- Leader: Barry Keldoulis
- Party Secretary: PJ Collins
- Party Agent: Larry Dixon
- Founded: August 2014
- Headquarters: Kingsford, New South Wales
- Ideology: Progressivism Humanism Environmentalism Increased funding for public broadcasting and the arts
- Colours: Purple

Website
- http://www.artsparty.org/

= Arts Party =

The Arts Party is an Australian political party inspired by the importance of the arts and creative action. The party was voluntarily deregistered with the Australian Electoral Commission on 25 June 2019, but remains registered for local elections with the New South Wales Electoral Commission.

==History==

The Australian party was founded in October 2013 by two Sydney-based artists, PJ Collins and Nicholas Gledhill, and registered by the Australian Electoral Commission (AEC) in August 2014. Money was raised for the party's registration through a crowd-funding campaign.

Two Arts Party members stood as independent candidates at the 2015 Queensland state election, as the party had not been registered in time to contest the election. Later in the year, the party's leader, PJ Collins, stood as an ungrouped Legislative Council candidate at the 2015 New South Wales state election.

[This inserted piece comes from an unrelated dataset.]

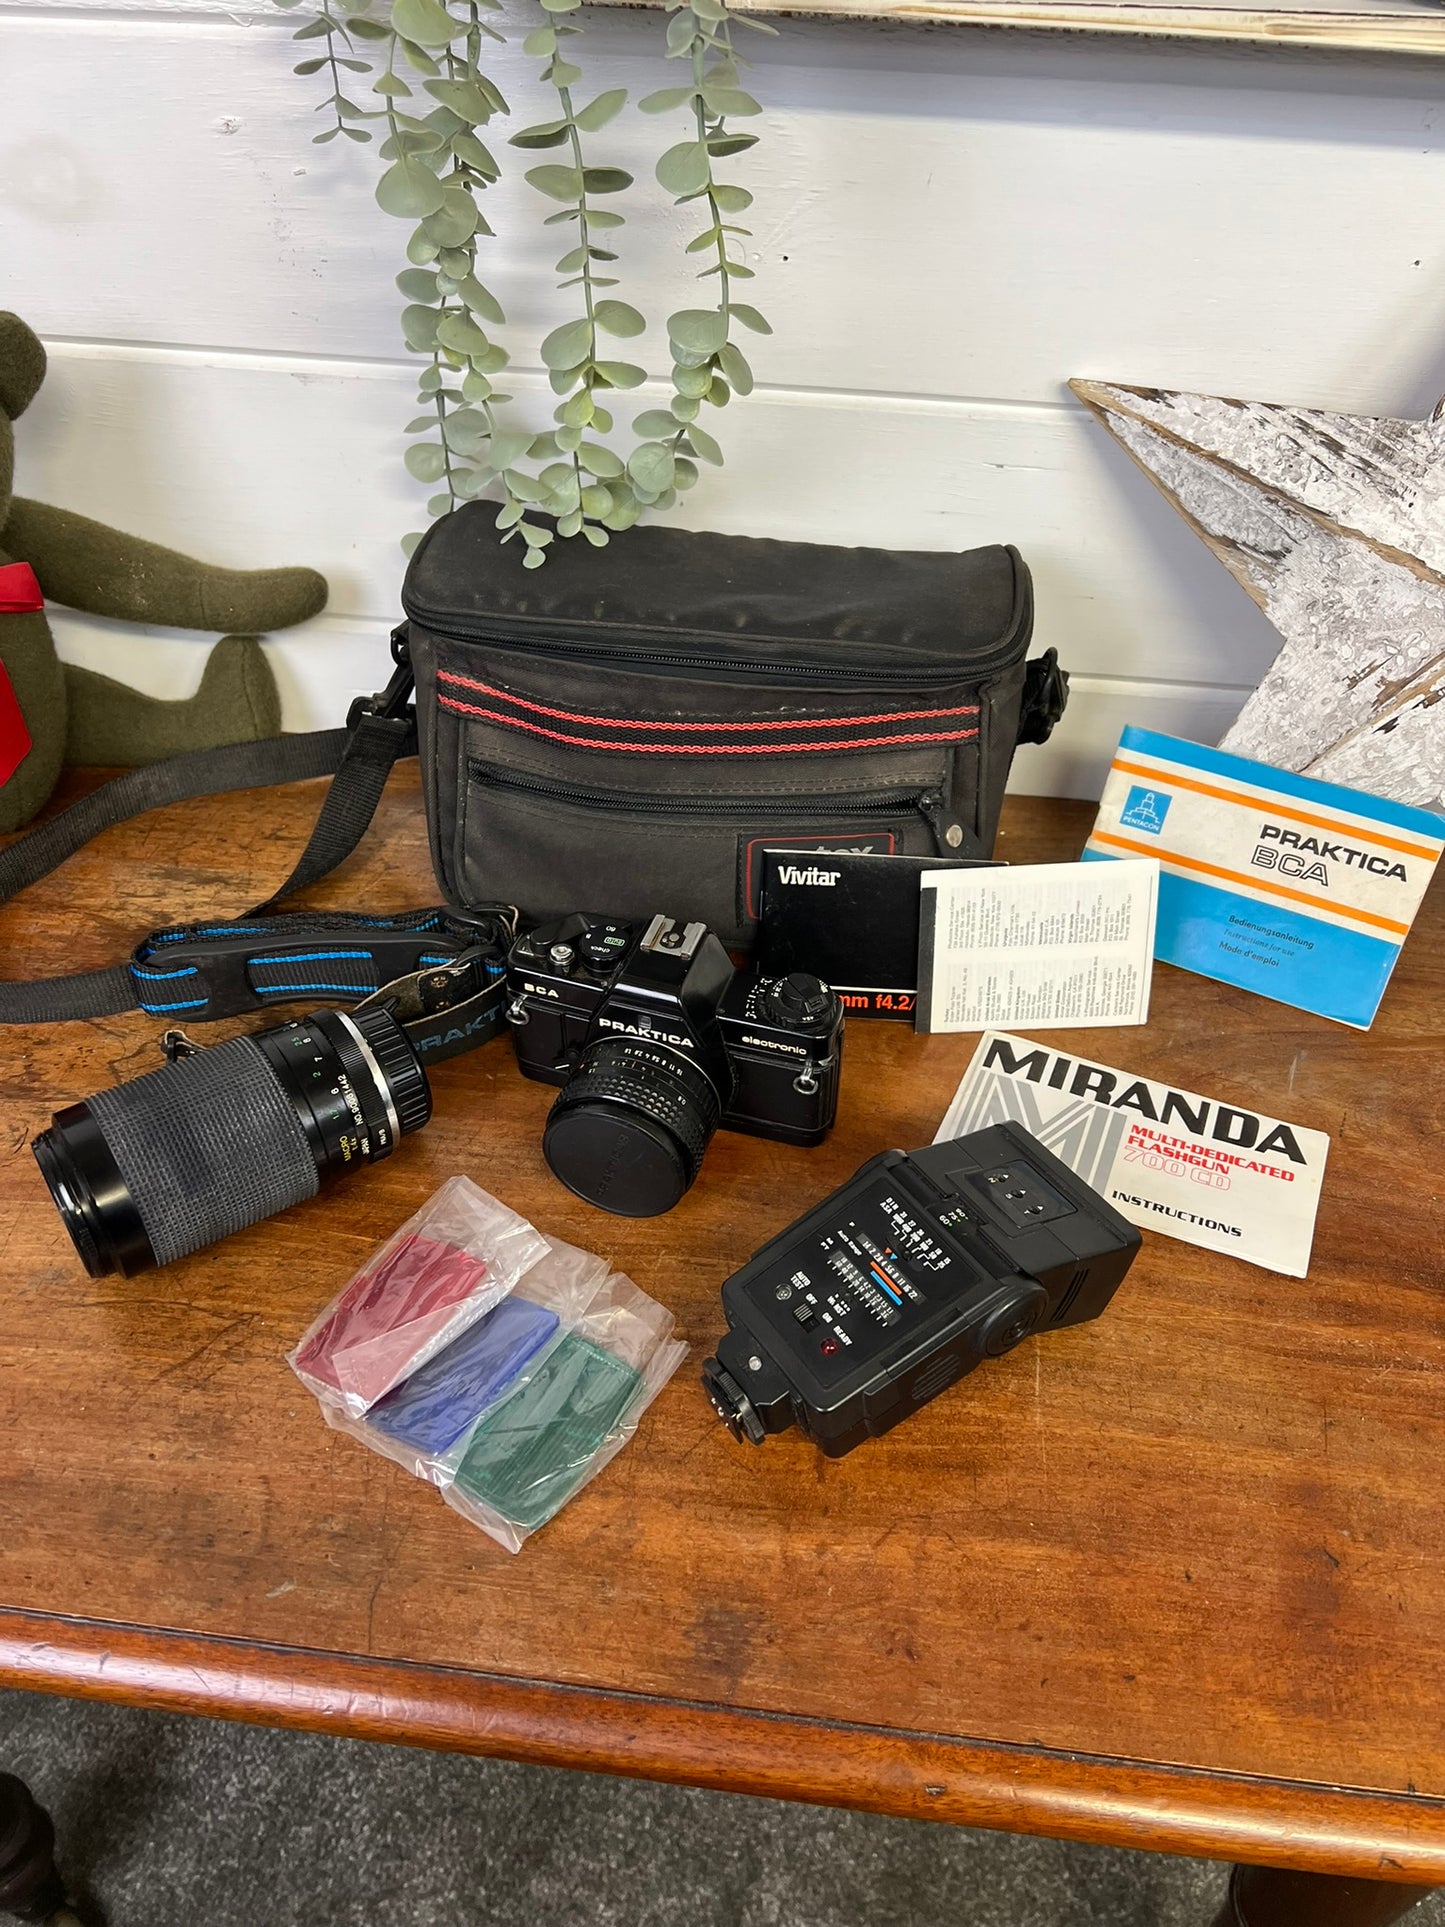 Vintage Camera Bundle Praktica BCA Electronic Camera 2x Lenses & Miranda 700CD Flash

The first official Arts Party candidate was Lou Pollard in the 2015 North Sydney by-election, who came eighth in a field of 13 candidates.

The Arts Party fielded seven candidates for the House of Representatives and thirteen senate candidates across all states in the 2016 federal election. Once again, the entire campaign was financed through a crowd-funding campaign.

The House of Representatives candidates were Anthony Ackroyd in the electorate of Wentworth (NSW), Shea Caplice in the electorate of Warringah (NSW), Tim Sanderson in the electorate of Franklin (Tasmania), Christopher Gordon in the electorate of Bennelong (NSW), Sally Baillieu in the electorate of Dunkley (Victoria), Stephen Beck in the electorate of Longman (Queensland) and Andrew Charles Tyrrell in the electorate of Petrie (Queensland).

In voting for the Senate, the party ranked nationally 28th out of 55 parties, based on first preference votes by group, polling 0.27% of first preferences nationwide.

At the 2021 New South Wales local elections, the party received 536 votes.